The volume and passion from the stands last Sunday made an impact on players who have never experienced such euphoria according to Neil Lennon, who believes the occasion showed Celtic's newcomers what adulation could be theirs if they advance to a championship triumph or even a clean sweep of the three Scottish honours.
"That was probably the most important thing to come out of the day. There was a real connection with the supporters for the first time in a long time," said the Hoops manager, ahead of tomorrow's encounter with Motherwell at Fir Park.
"The players saw it for what it is, and for what it can be. It was an eye-opener for them but in a good way. At its best, the atmosphere at Celtic Park is unsurpassable. You can't generate that atmosphere at many other grounds -- Old Trafford, Stamford Bridge, maybe Anfield -- but last Sunday was special.
"That was the thunder I was talking about last summer, getting the place bouncing again. That's what we've been striving to achieve. It's important as the supporters do play an important part in carrying the team on.
"When you get momentum like we have, all you want is to keep playing football. You just want to get back out there and enjoy the moment. We have to keep the players grounded and focused. Motherwell will be a different proposition from an Old Firm game, but it's vital that we win this game.
"Did I stand back and savour the atmosphere last week? Not really.
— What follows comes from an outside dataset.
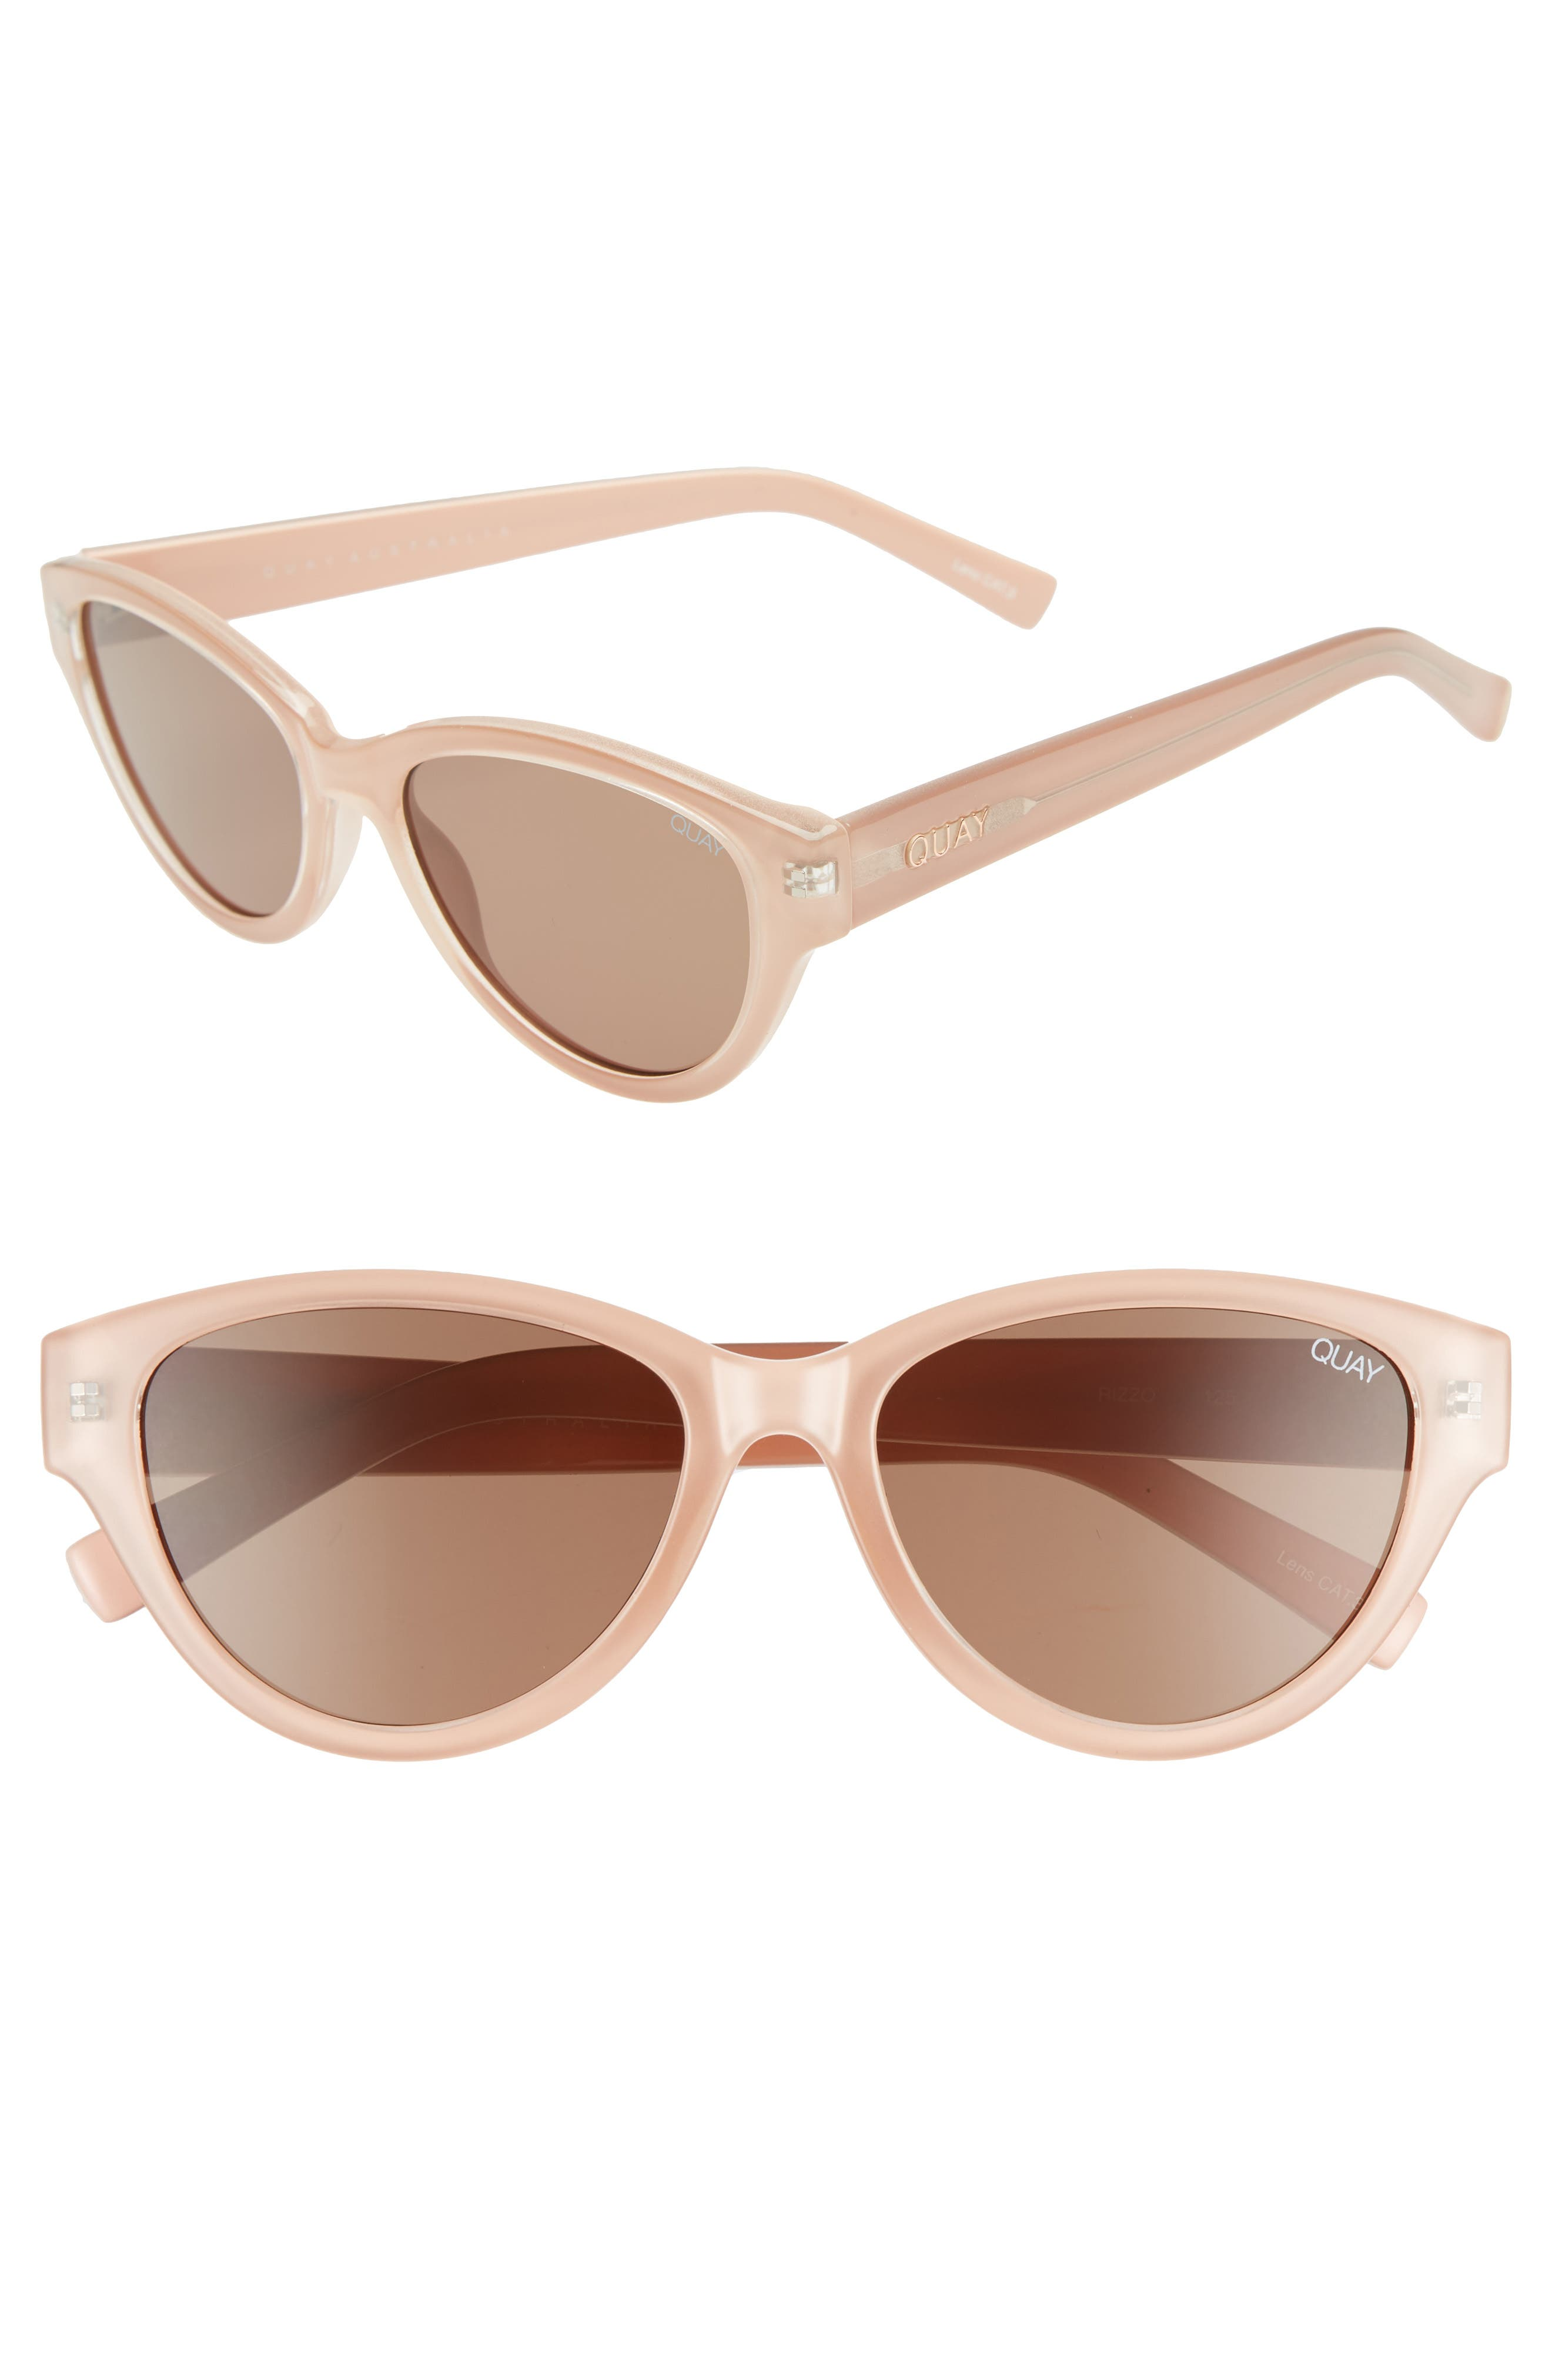 Rizzo 55mm Cat Eye Sunglasses,                             Main thumbnail 1, color,                             CREAM/ BROWN

"There's that surreal atmosphere around the place when the game's going on and even after 75, 80 minutes, I was thinking that if Rangers get one back then they could peg us back.
"So, you never really enjoy it until it's over. The last time I experienced anything like that was the Valencia game in the Uefa Cup in 2001 when we came out for extra-time and the fans just kept on singing 'You'll Never Walk Alone' while the game was going on.
"But at the end on Sunday there were no massive celebrations. If we win nothing, then all of this counts for nothing. There's been improvement but that alone won't be enough.
"The supporters have been starved of a wee bit of joy and entertainment for a while. While I'm pleased they're enjoying the football at the minute, we still have a long, long way to go before anything's achieved. I wouldn't say beating Rangers last weekend was pivotal. I had said before that it wouldn't define the championship...we can't get carried away."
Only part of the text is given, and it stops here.